- **Information shown**:

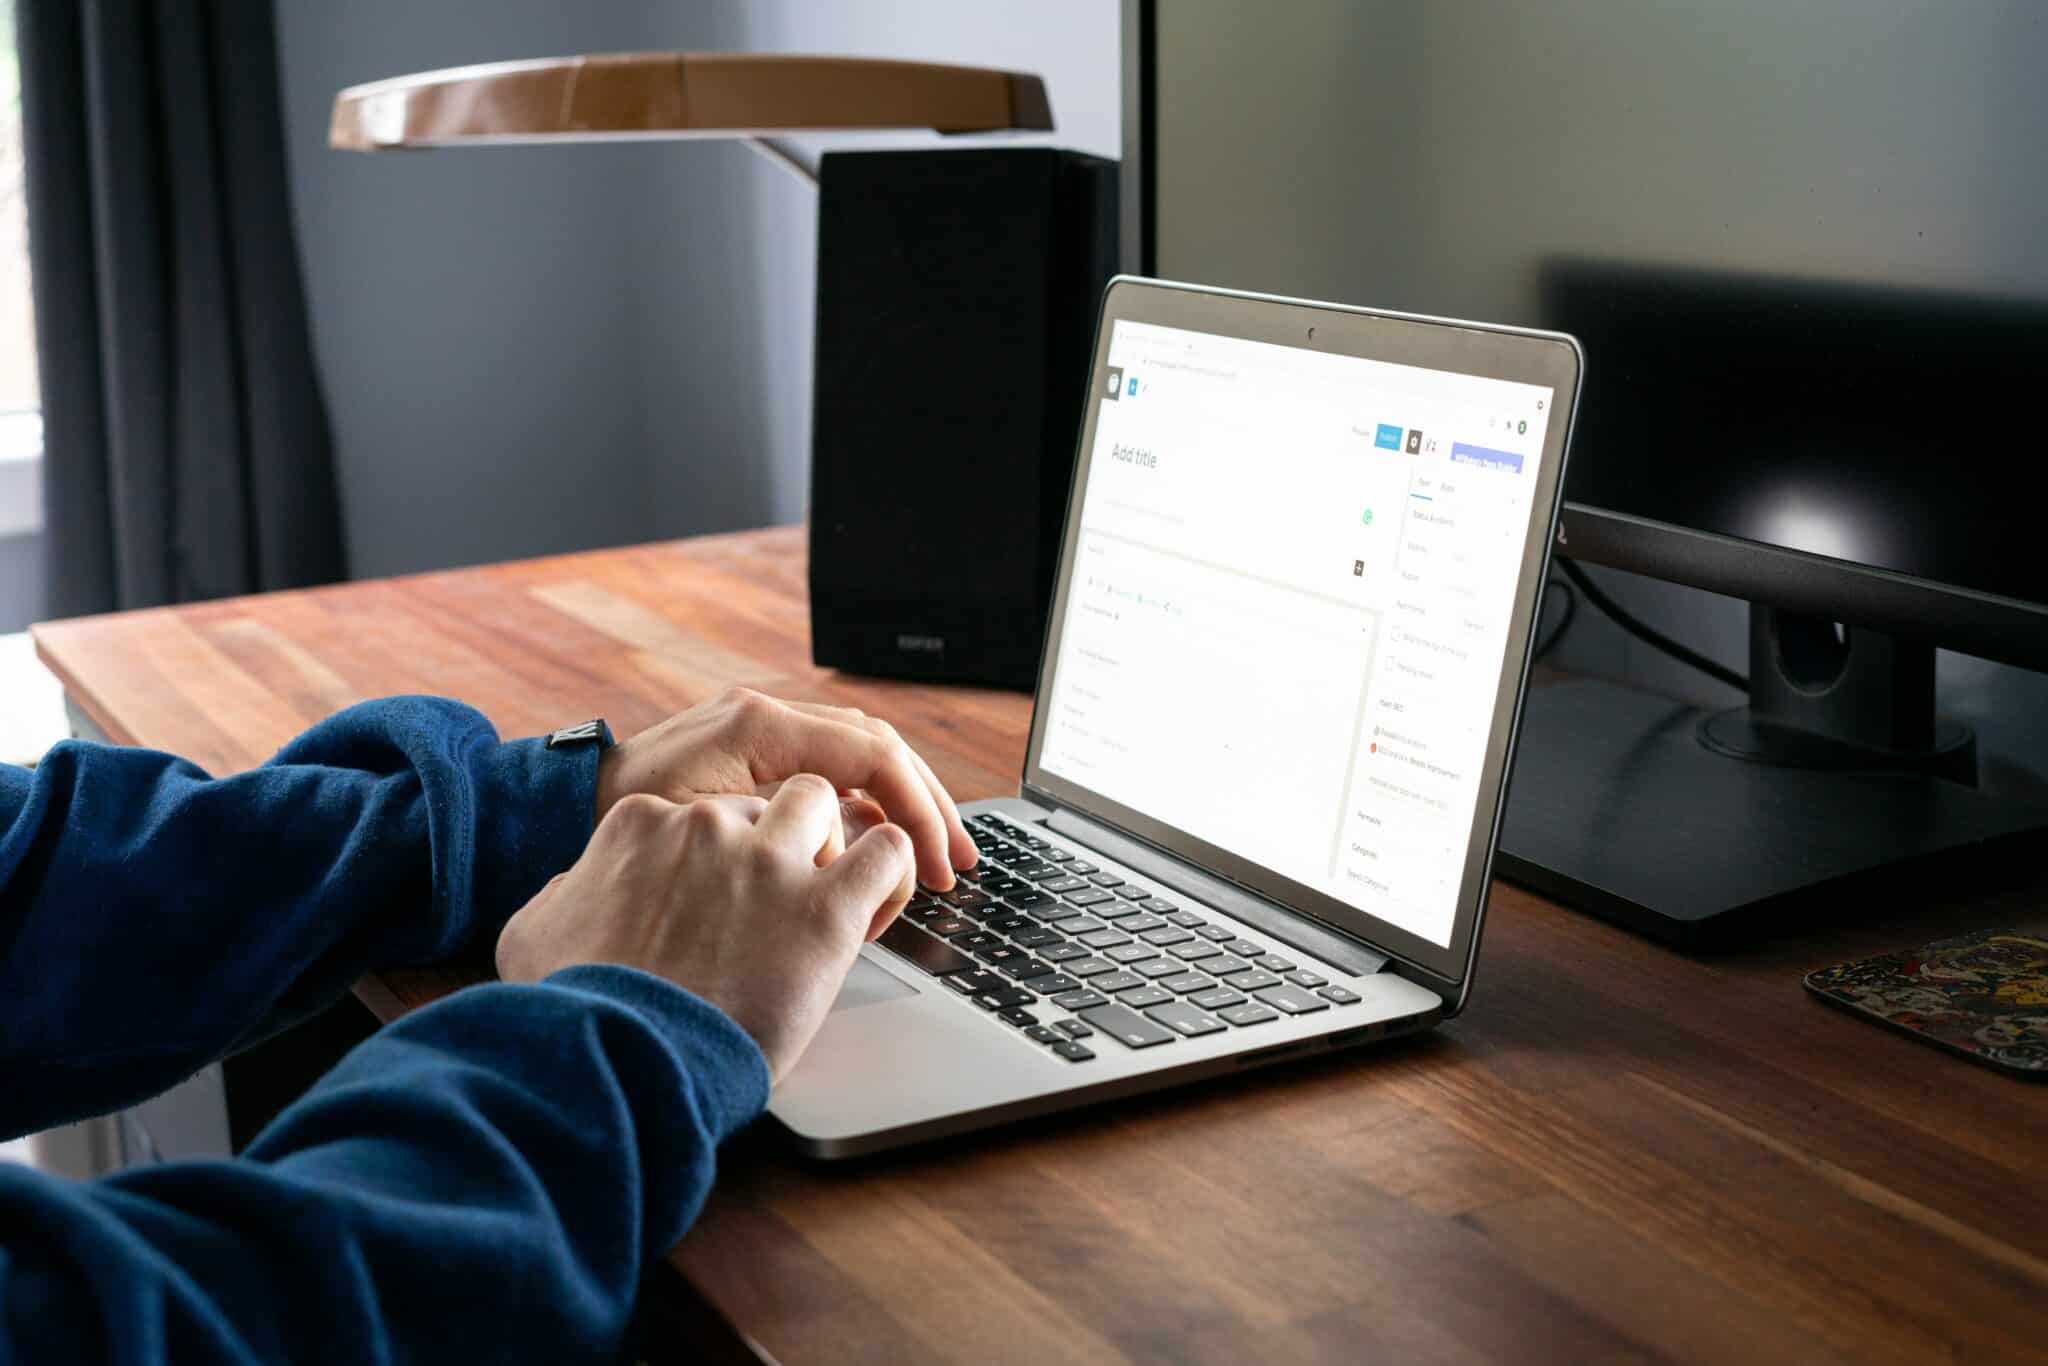 Zoomed in shot of person wearing a dark blue sweater, hands typing on a MacBook laptop at a wooden desk
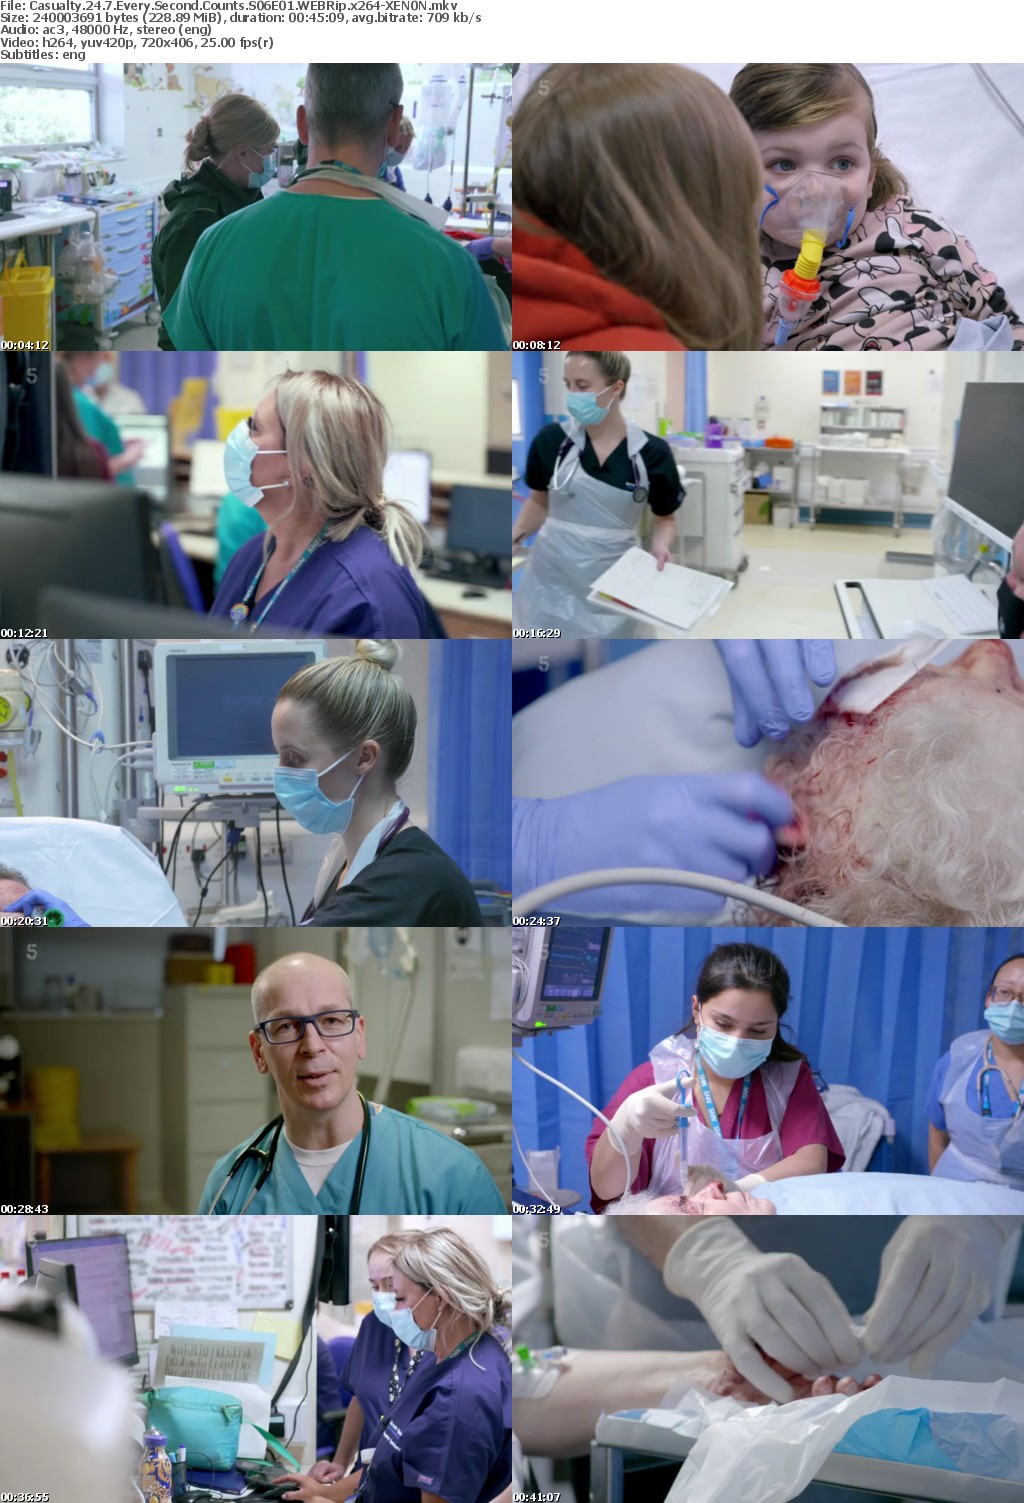 Casualty 24 7 Every Second Counts S06E01 WEBRip x264-XEN0N
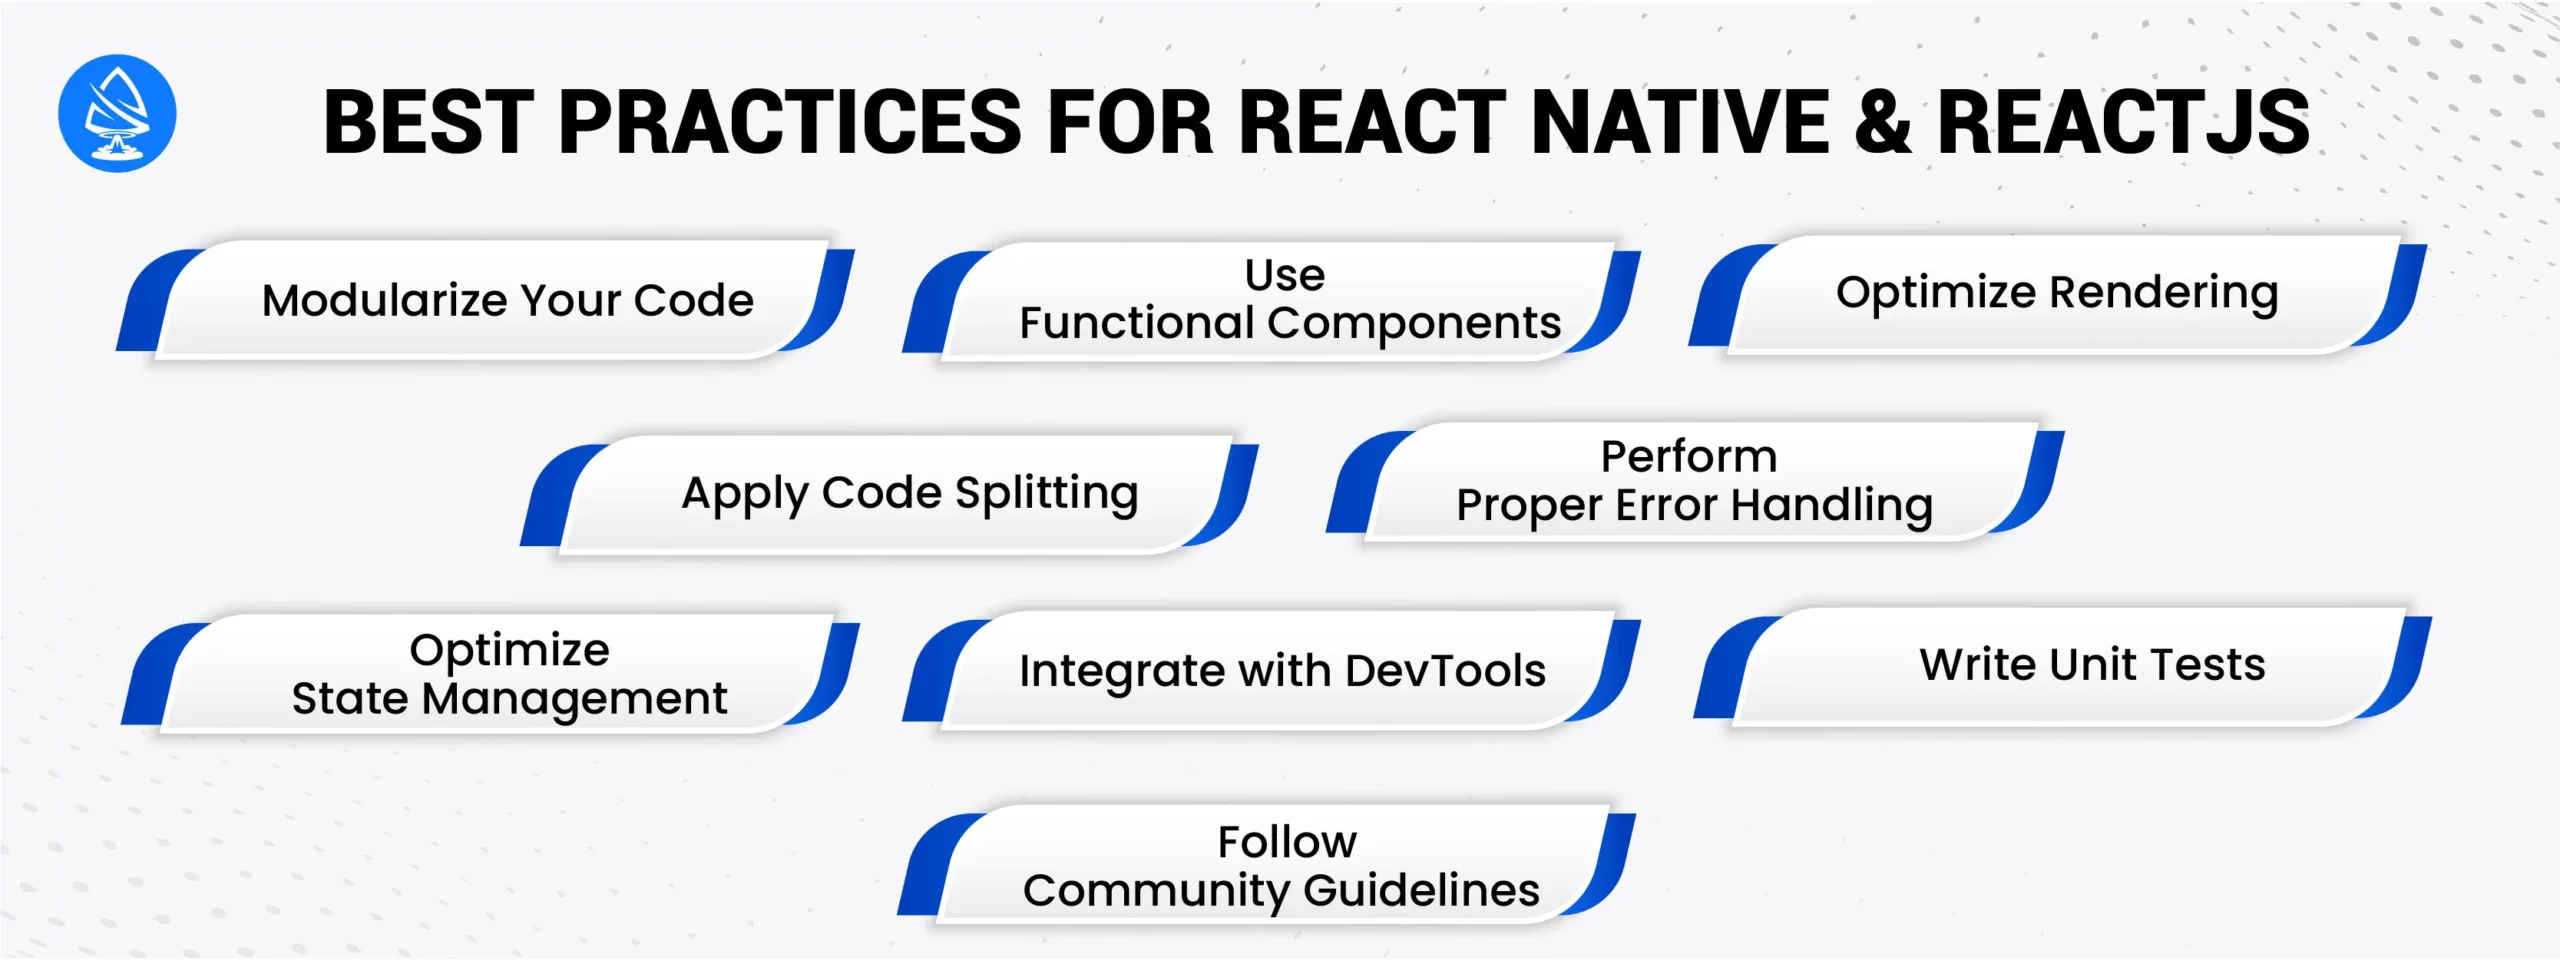 Best Practices for React Native and React JS Development

- **What to do**: Start at the first line and set down all of the data exactly, passing over the pictures.

- **Output of the exercise**:
 Zoomed in shot of person wearing a dark blue sweater, hands typing on a MacBook laptop at a wooden desk
 Casualty 24 7 Every Second Counts S06E01 WEBRip x264-XEN0N
 Best Practices for React Native and React JS Development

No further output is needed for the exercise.